Очевидно, что в рамки понятия L-текста не умещаются многие существенные особенности даже письменных текстов. Их план выражения лишь до известных пределов воспроизводит структуру вербальной речи. Чтобы воспроизводить ее буквально, письменный текст должен был бы разворачиваться в форме вытянутой в одну линию телеграфной ленты. Строки, столбцы, абзацы, страницы и прочие специфические элементы письменного текста образуют значимые отношения, не фиксируемые правилами устного вербального языка. Как пространственное образование письменный текст не безразличен ни к двумерной структуре страницы, ни к трехмерной форме книги или свитка. У него обнаруживаются такие значимые пространственные отношения, как различия лицевой и оборотной стороны, свернутого и развернутого положений и т. п. «Опространствленная» в письменном тексте речь проявляет по сравнению с устной иные выразительные возможности. Сохраняющие одну и ту же последовательность вербальных знаков, письменные тексты оказываются уже отнюдь не идентичными, коль скоро они подчиняются правилам не только вербального языка, но и других знаковых систем. Текст, набранный готическим шрифтом, при этом будет отличаться от напечатанного антиквой, имя в телефонной книге будет иметь иной смысл, чем то же имя на могильной плите и т. д.
Во всех подобных случаях интерпретация письменных текстов нуждается в дополнении их знаков средствами каких-то иных пространственных кодов. В качестве такого дополнения может быть использован, в частности, шрифтовой код или даже целый комплекс таких кодов, образуемых фиксированными конфигурациями индексов (штрихов, засечек и их стандартных позиций), которые регулируют идентификацию и узнавание письменных знаков. В интерпретации письменного текста могут участвовать также архитектонический код, связывающий видимые пространственные формы любого масштаба с образами весовых отношений, состояний равновесия и неравновесия, устойчивости и неустойчивости и т. д. Свою роль может играть и предметно-функциональный код, соотносящий предметные формы с их функциями, благодаря чему различное значение имеет одна и та же надпись в блокноте и на конверте, в книге и на монете и т. п. Интерпретируемый сразу с помощью нескольких пространственных кодов письменный текст оказывается гораздо более сложным семиотическим образованием, к которому приложимо как понятие S-текста, если учитываются его связи с определенными кодами, так и понятие H-текста, если ряд кодов, участвующих в его интерпретации, остается открытым.

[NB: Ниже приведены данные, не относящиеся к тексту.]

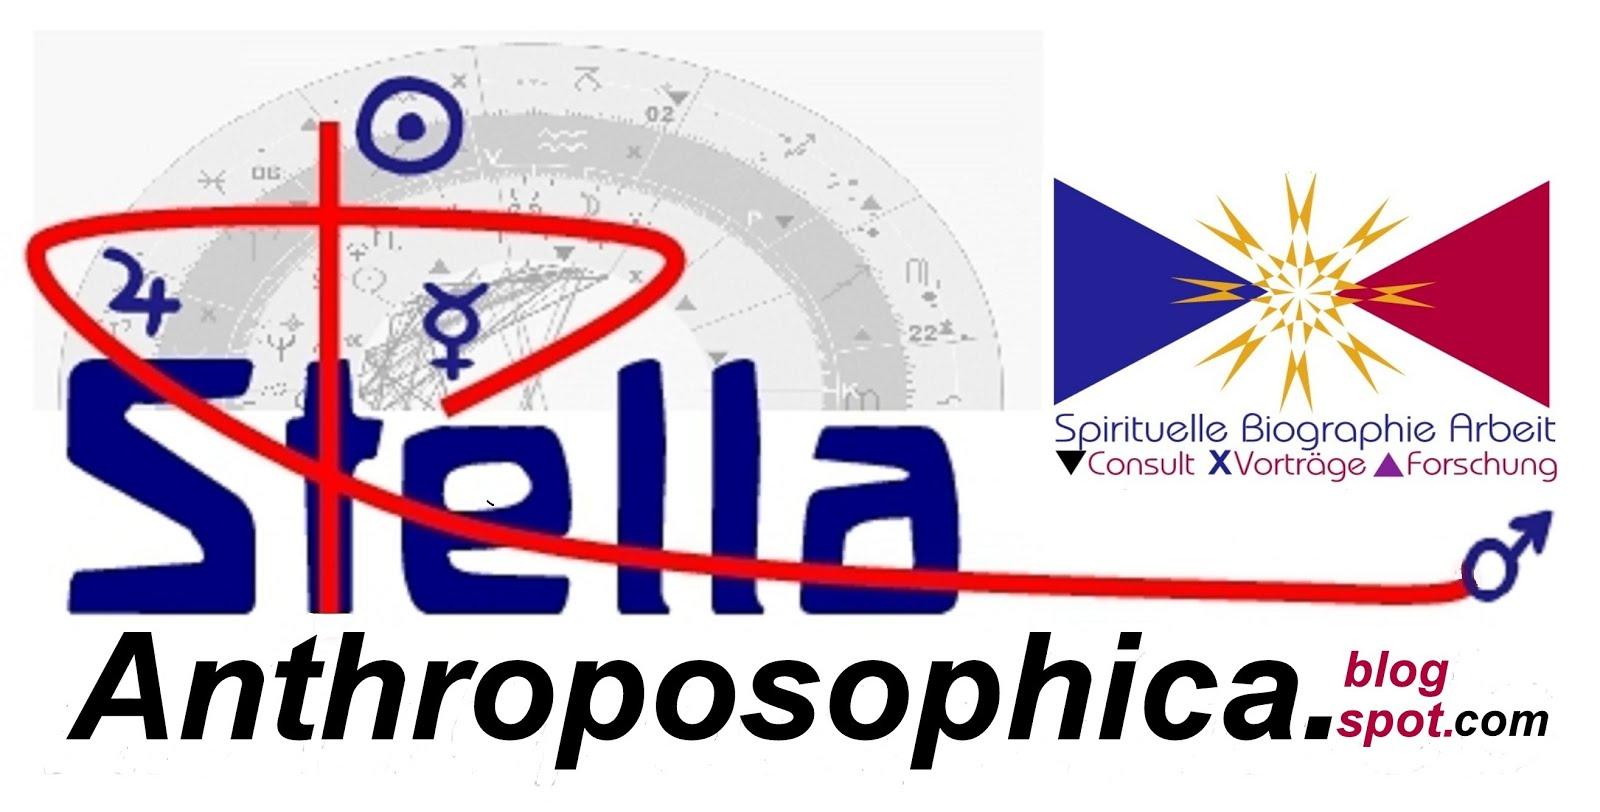 StelllaAnthroposophica
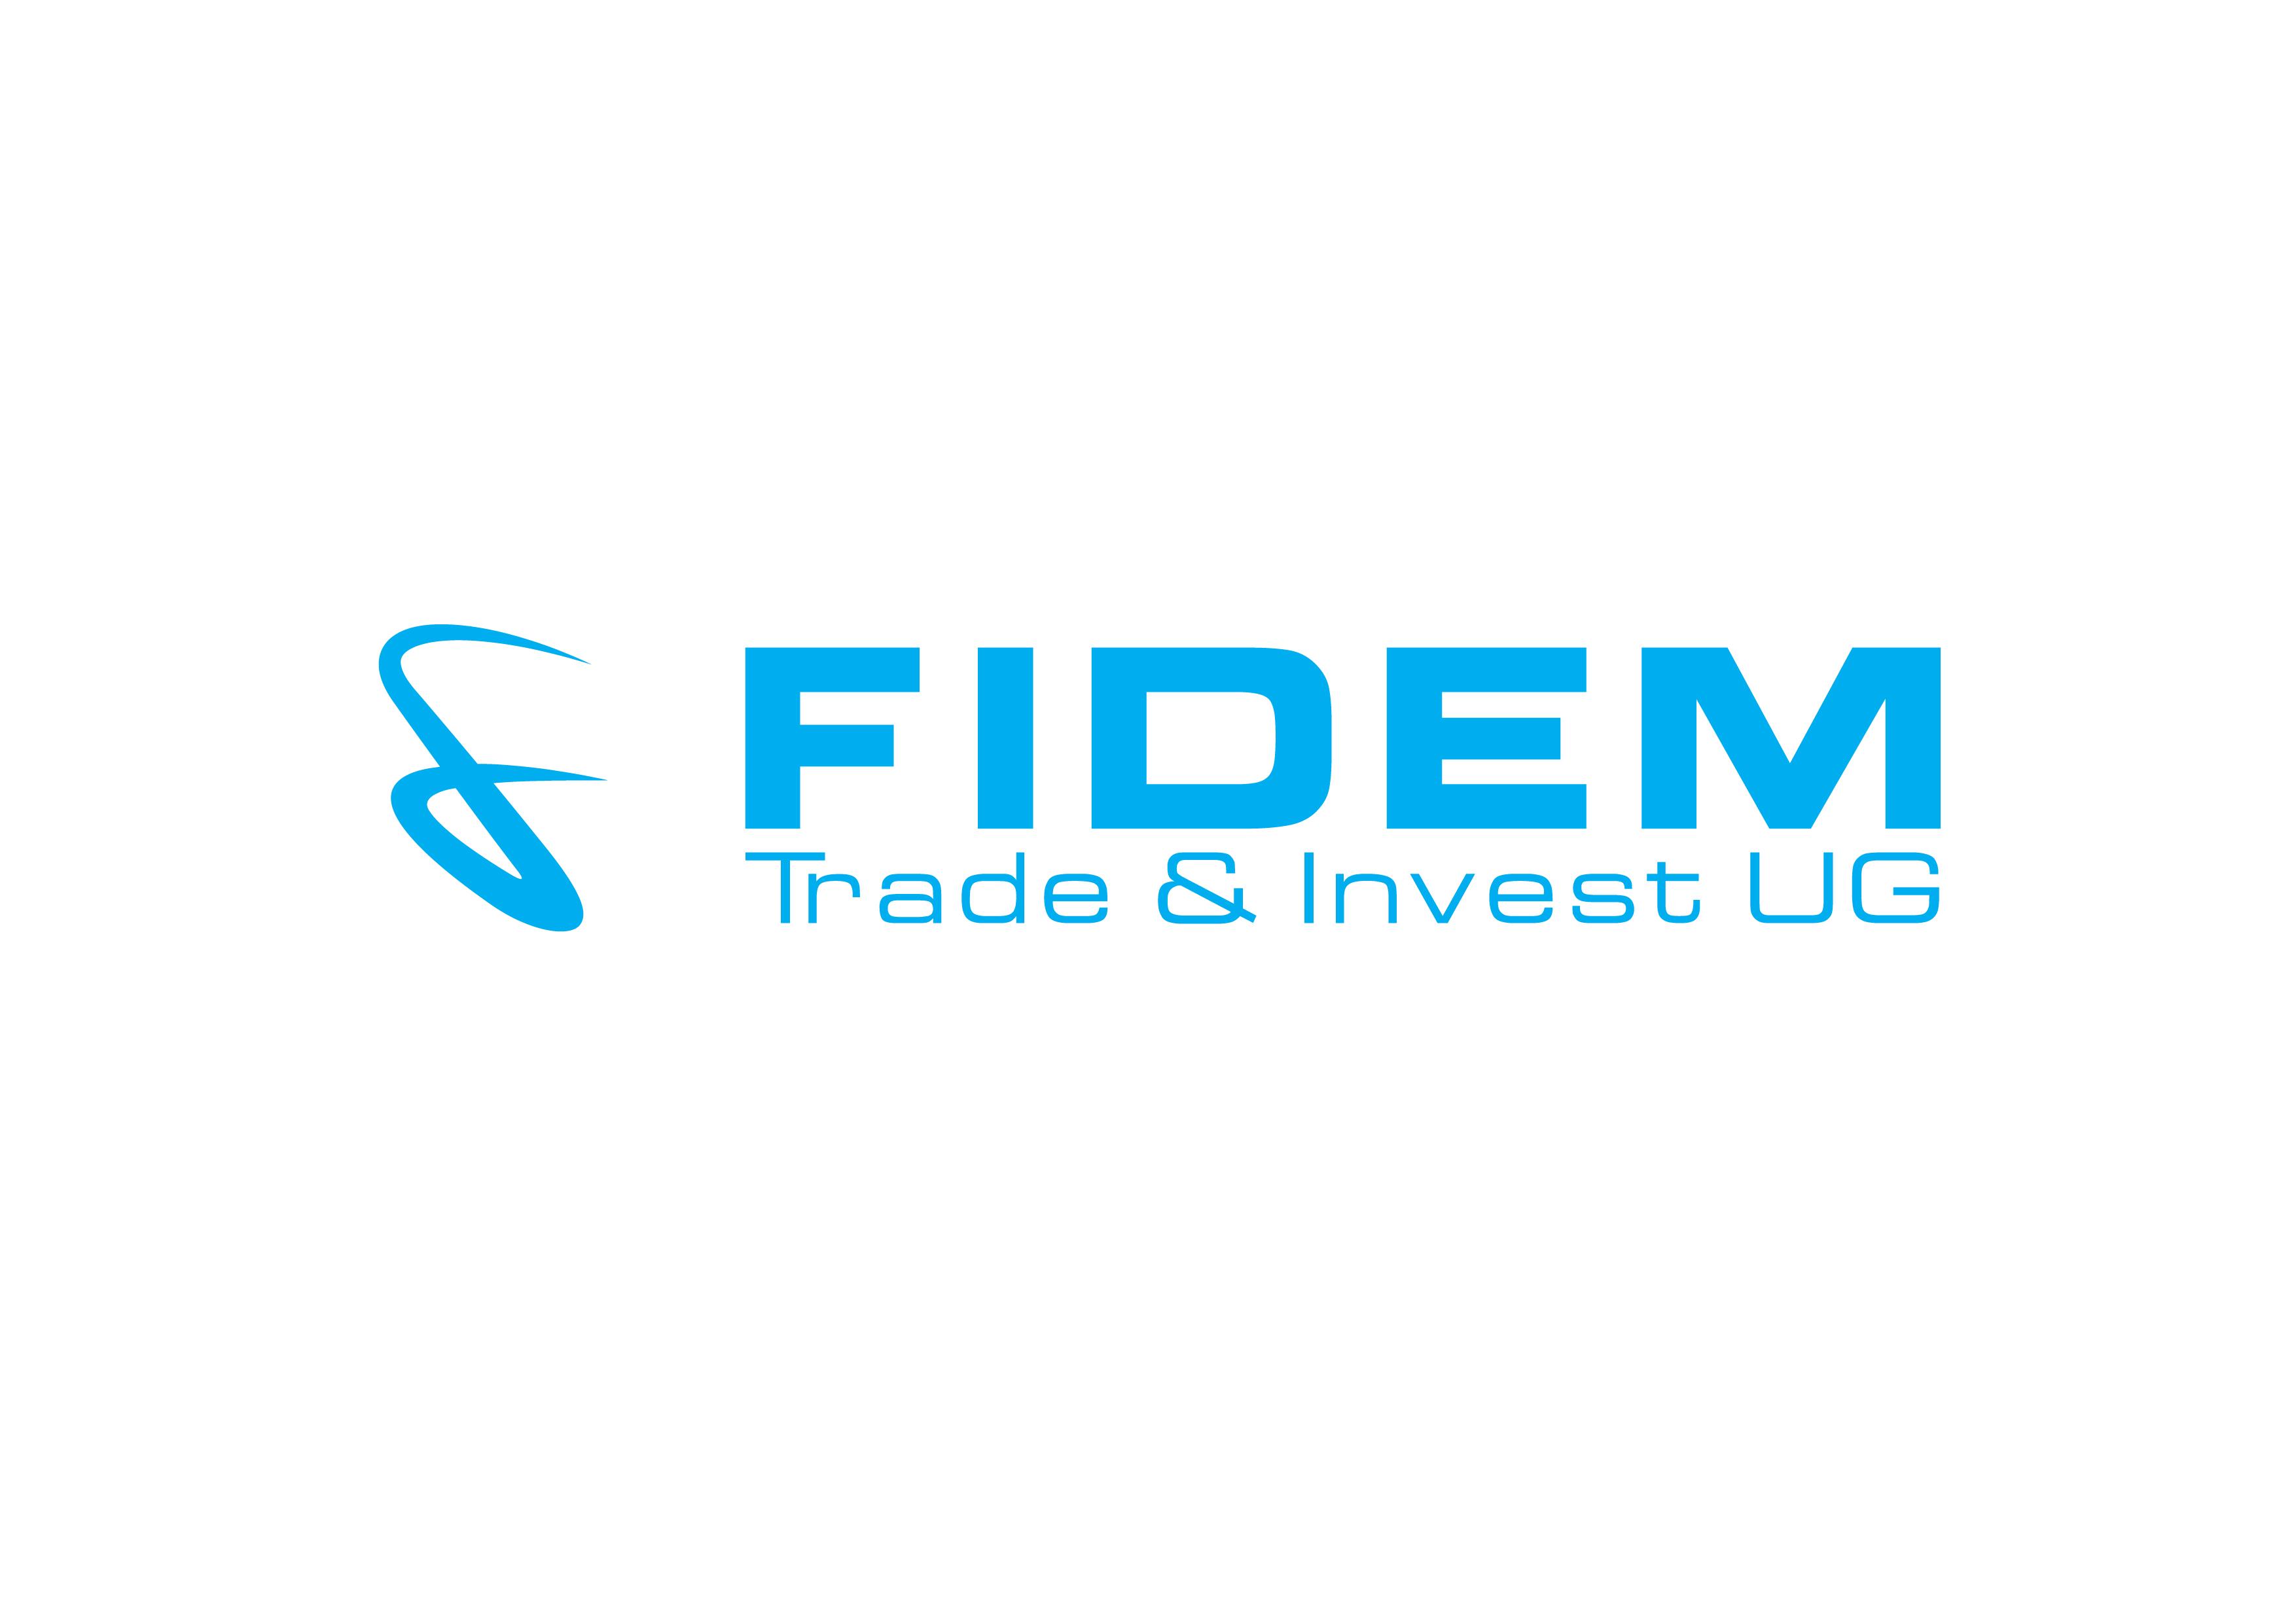 Logo Design by 3draw - Entry No. 691 in the Logo Design Contest Professional Logo Design for FIDEM Trade & Invest UG.

Как видно из сказанного, письмо, взятое как L-текст, в наименьшей степени использует возможности пространственных структур, поскольку его синтагматика определяется линейным строем речи, знающим лишь одно измерение, а правила чтения направлены на то, чтобы нейтрализовать «лишние» измерения, сделать незначимыми различия между отношениями «выше – ниже» или «спереди – сзади». Если же второму и третьему измерениям придается значение, то это становится возможным, благодаря тому, что к общим правилам письма и чтения добавляются некоторые специальные пространственные коды. Так происходит, например, в случае начертания таблицы – такого способа расположения графических знаков разного рода (буквенных, идеографических, пиктографических и др.), который включает в форму (а не только в субстанцию) выражения пространственного текста отношения между значимыми единицами сразу в двух измерениях – горизонтальном и вертикальном. Подобный текст приобретает способность не только описывать, но и демонстрировать в своей пространственной структуре соотношения между элементами его плана содержания, позволяя буквально увидеть их связи в единой картине.
Очевидно, что и для картины в собственном смысле возможность растянуться в двух измерениях составляет необходимое условие. Картина, которую будем здесь понимать предельно широко – как любое изображение, организованное в пространстве замкнутой плоскости – может трактоваться как особый тип пространственных Н-текстов, если имеется в виду многообразие средств ее истолкования. В ней может быть вычленен также определенный S-текст – «перцептограмма», соотнесенная с перцептографическим кодом, включающим в себя систему средств, с помощью которых совокупность линий и пятен на плоскости создает у зрителя перцептивный образ изображаемых объектов. В эту семиотическую систему могут входить те или иные правила перспективы, светотень и другие изобразительные средства, которые носят не столько иконический, сколько индексальный характер и могут варьироваться в зависимости от сложившихся в культуре или выработанных индивидуально способов изображения.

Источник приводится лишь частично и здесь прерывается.